Independence History: An Appeal to Heaven

By Steve Roark
Volunteer Interpreter, Cumberland Gap National Historical Park

It intrigues me how trees are so often intertwined with our culture and history. The July celebration of our Independence is a good time for a history lesson. The Liberty Tree was an elm tree in Boston where protesters of English rule would congregate. It became a symbol of individual liberty and resistance to tyranny, and during the Revolutionary War several flags were designed with a tree that represented the Tree of Liberty. One flag in particular had an important message.
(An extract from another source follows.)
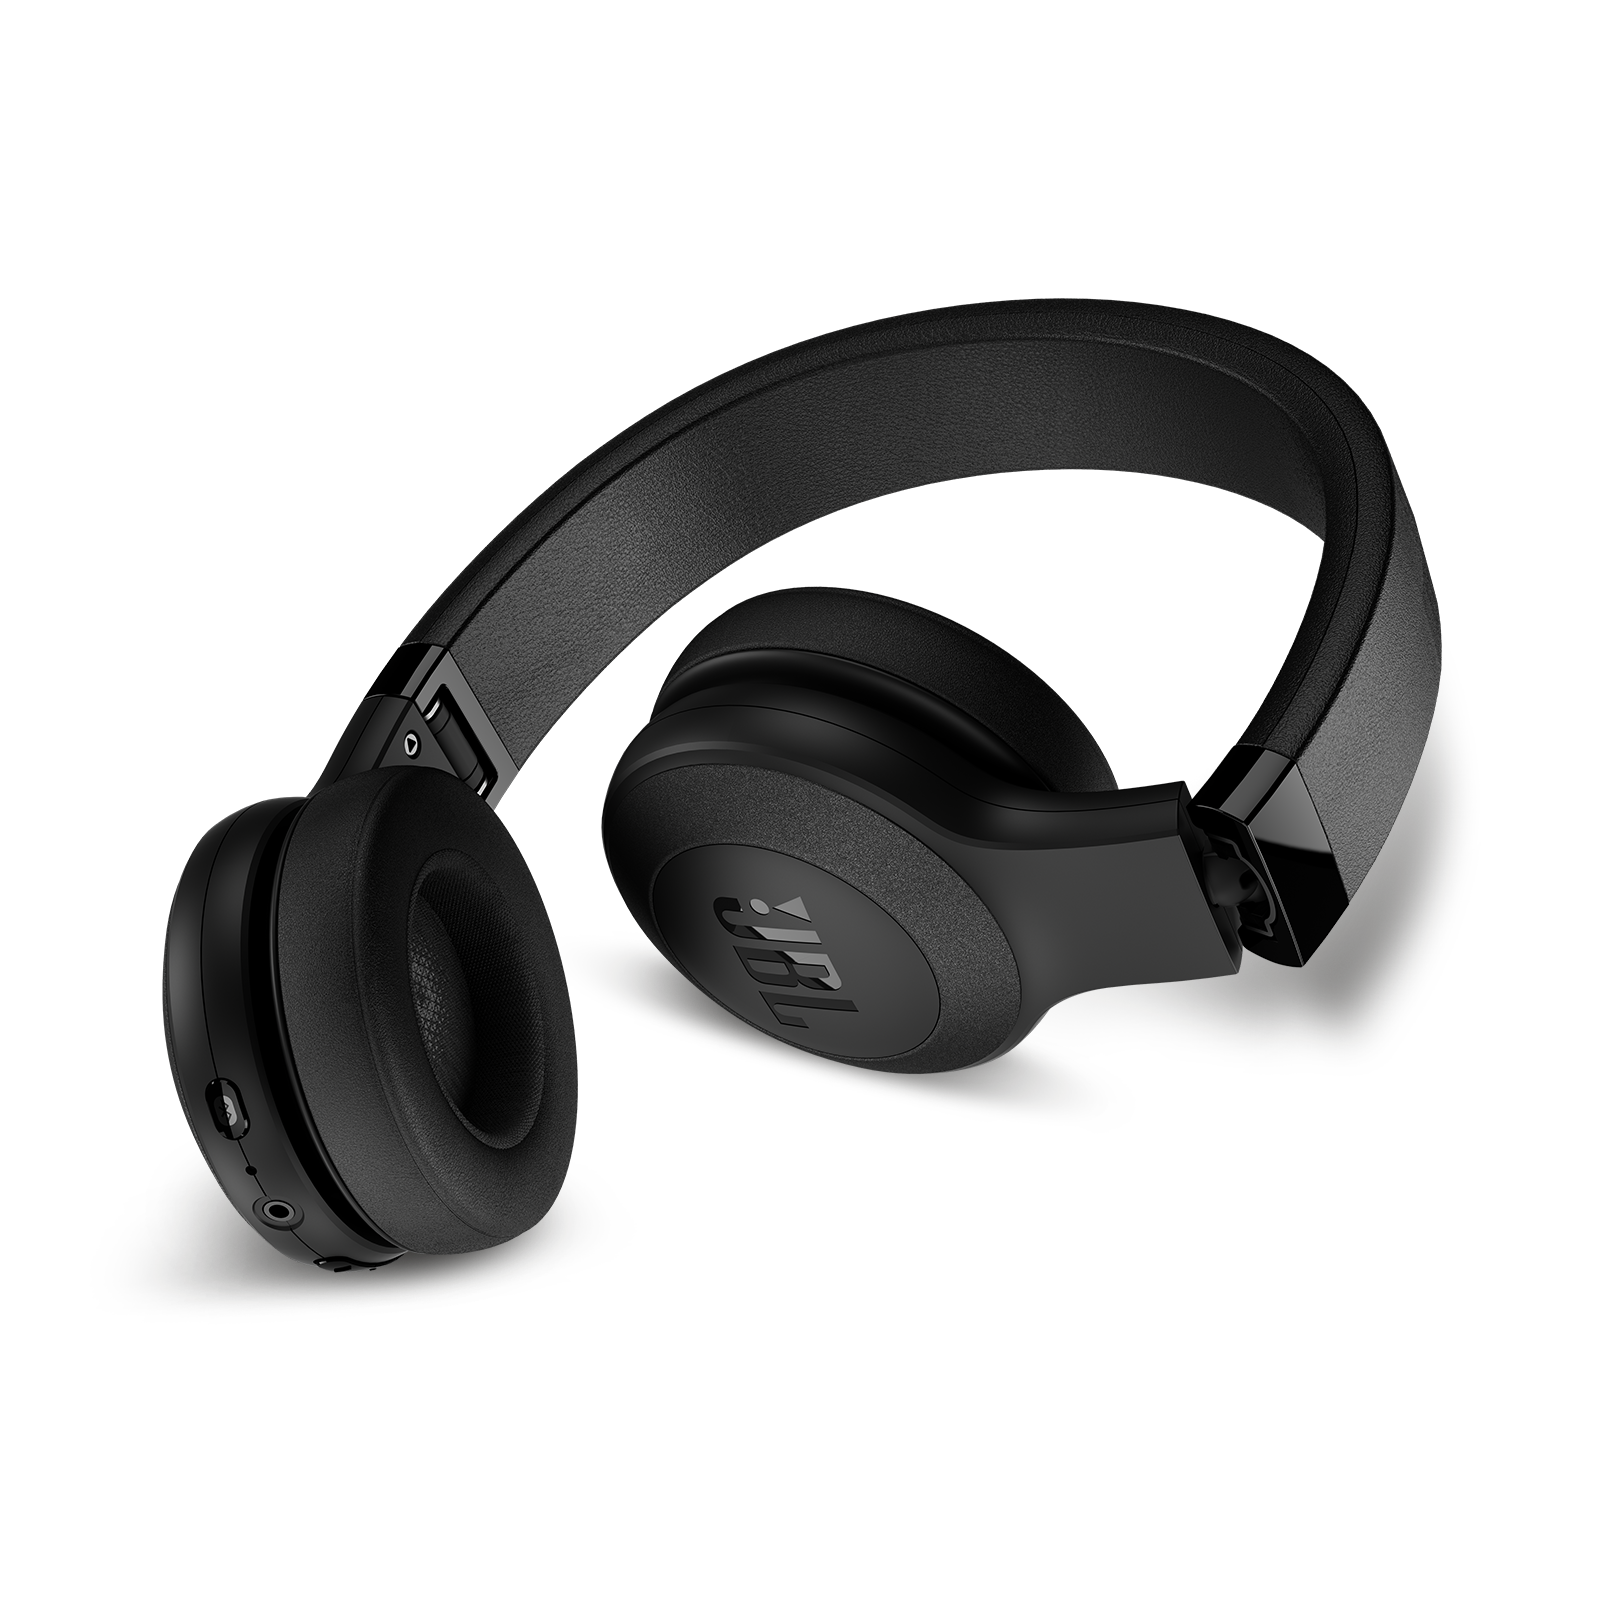 C45BT - Black Matte - Wireless on-ear headphones - Back
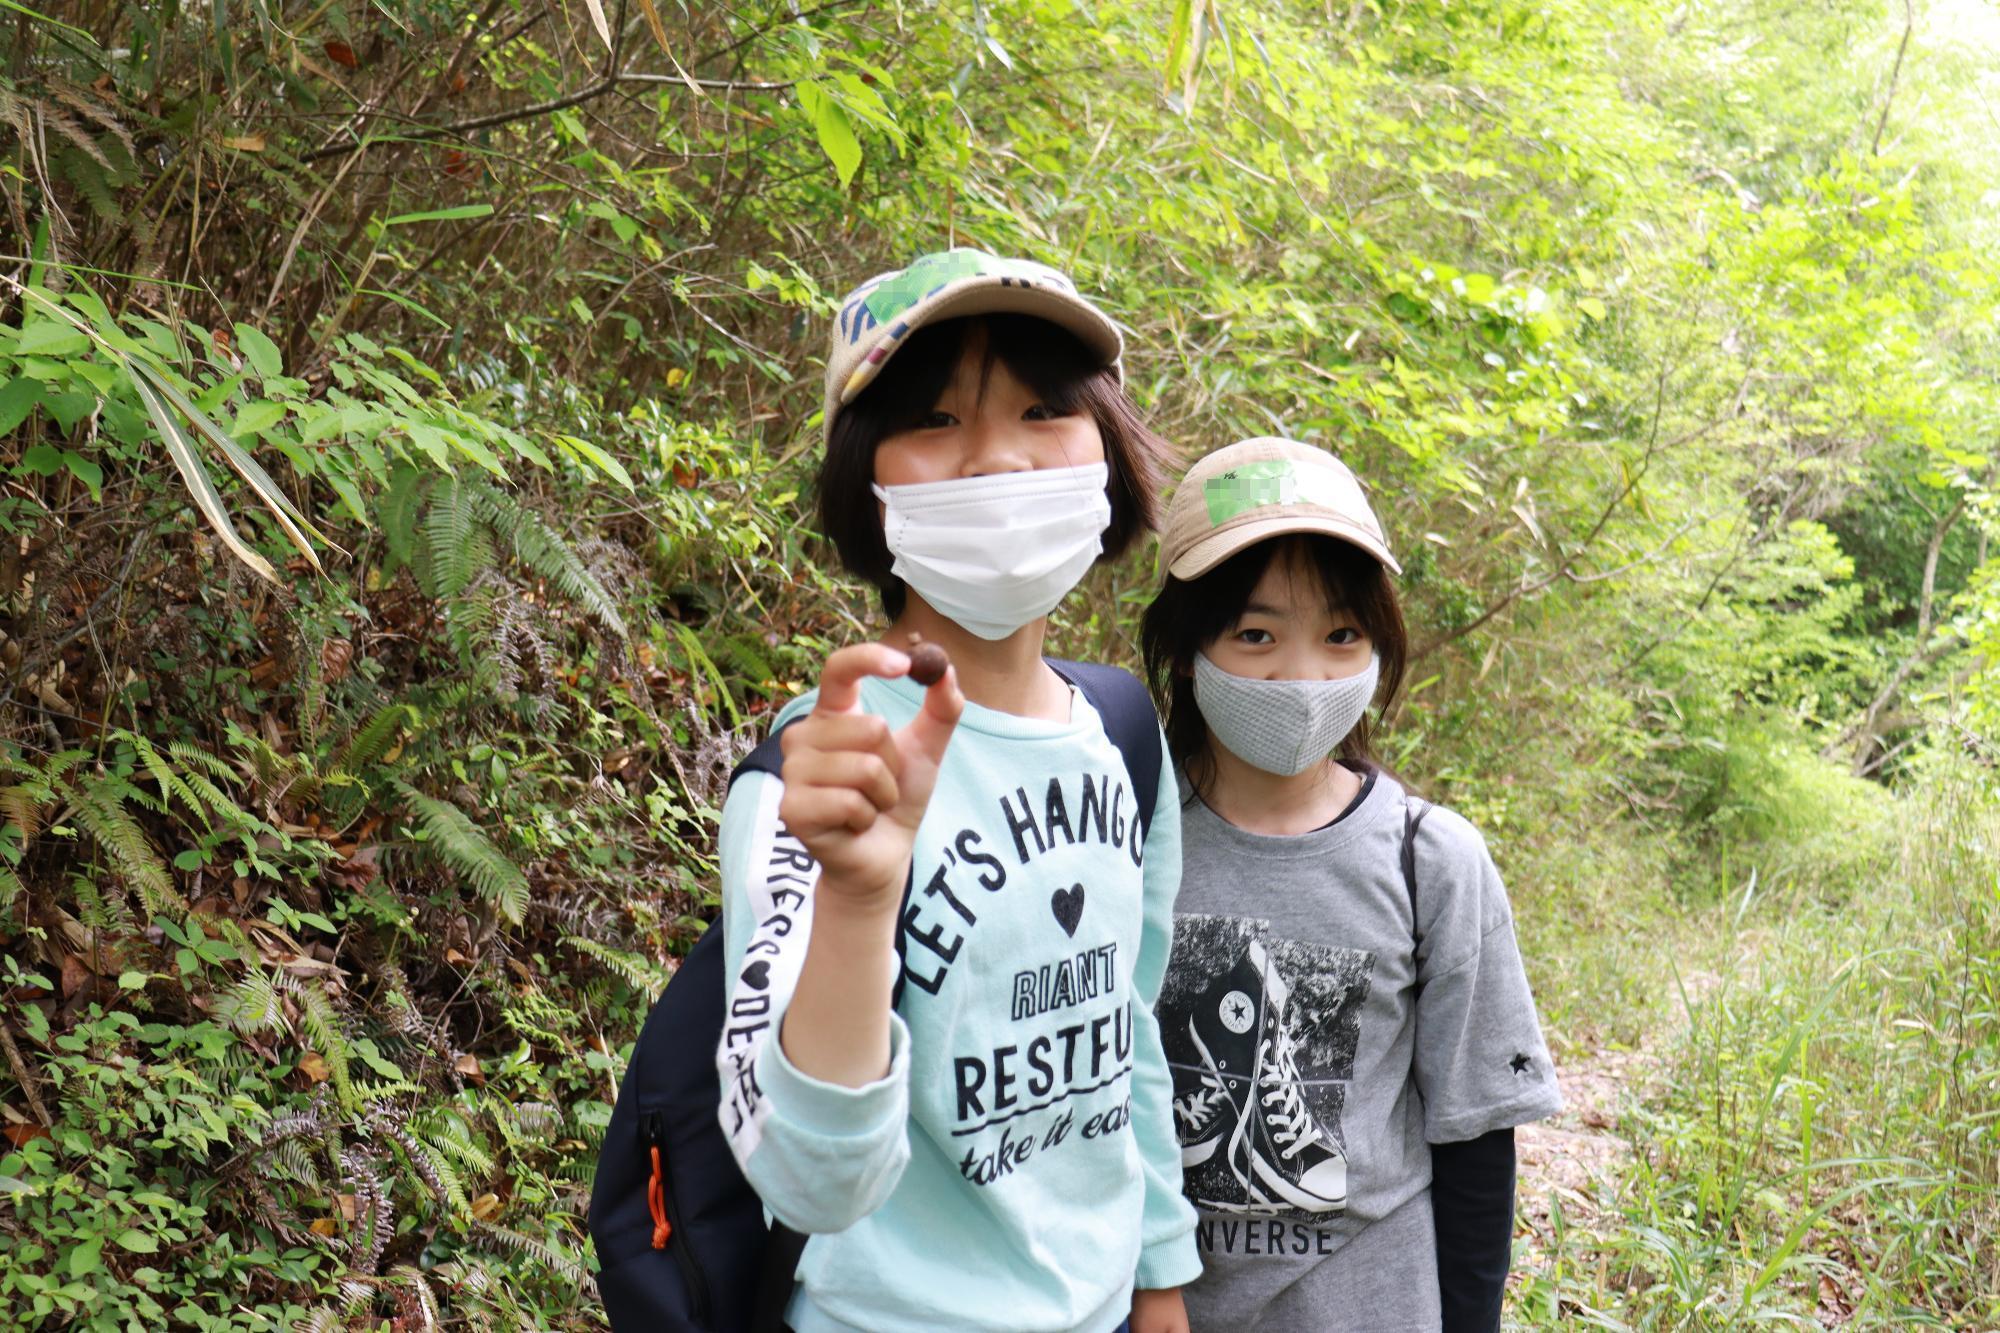 宍粟あるもの探しプログラムに参加した子どもが山の中で見つけた木の実を見せている写真

The first American Navy consisted of six schooners paid for and pressed into service by none other than General George Washington in 1775. He attempted to convince the Continental Congress that he needed a Navy immediately, but true to form, they endlessly debated on the need for a Navy, how to organize and fund ships, and so on until Washington’s patience ran out and he funded the ships himself. There was traditional for naval vessels to fly a “jack,” a maritime flag identifying the ship’s nationality. Colonel Joseph Reed, an aide to General Washington, suggested the idea of a flag consisting of a white background with a green pine tree in the center, and the words APPEAL TO HEAVEN inscribed below. The flag was approved and became the first naval flag used on American ships.

The tree on the flag represented the Liberty Tree. A pine tree may have been used to make the flag a variation of the New England flag, which had a pine tree on a red background, specifically an eastern white pine (Pinus strobus). White pine was also well known in the ship building industry, being used for ship masts and a source pitch used to make ships watertight. The phrase “Appeal to Heaven” was taken from a famous document called the Second Treatise on Government by John Locke, an English philosopher. This document greatly influenced American revolutionists like our founding fathers. In chapter 3 Locke writes: …“for wherever violence is used, and injury done, though by hands appointed to administer justice, it is still violence and injury, however colored with the name, pretenses, or forms of laws… war is made upon the sufferers, who having no appeal on earth to right them, they are left to the only remedy in such cases, an appeal to heaven.”

The phrase on the flag was appropriate because the colonials were fighting the greatest military power on Earth at that time, and their only hope was help from a still greater power, thus their “APPEAL TO HEAVEN”. The obstacles to becoming an independent country were incredible. An army of farmers and tradesmen against a highly trained superpower, a congress that could agree on nothing, a strong resistance to the individual colonies being placed under a central government, the slow response of France in providing aide, no money and no foreign country wanting to lend any. I can only conclude that our victory in the Revolutionary War was miraculous, and only achieved with the help of a higher power. During this time of celebration of our liberty, pause and give thanks for what we have been given.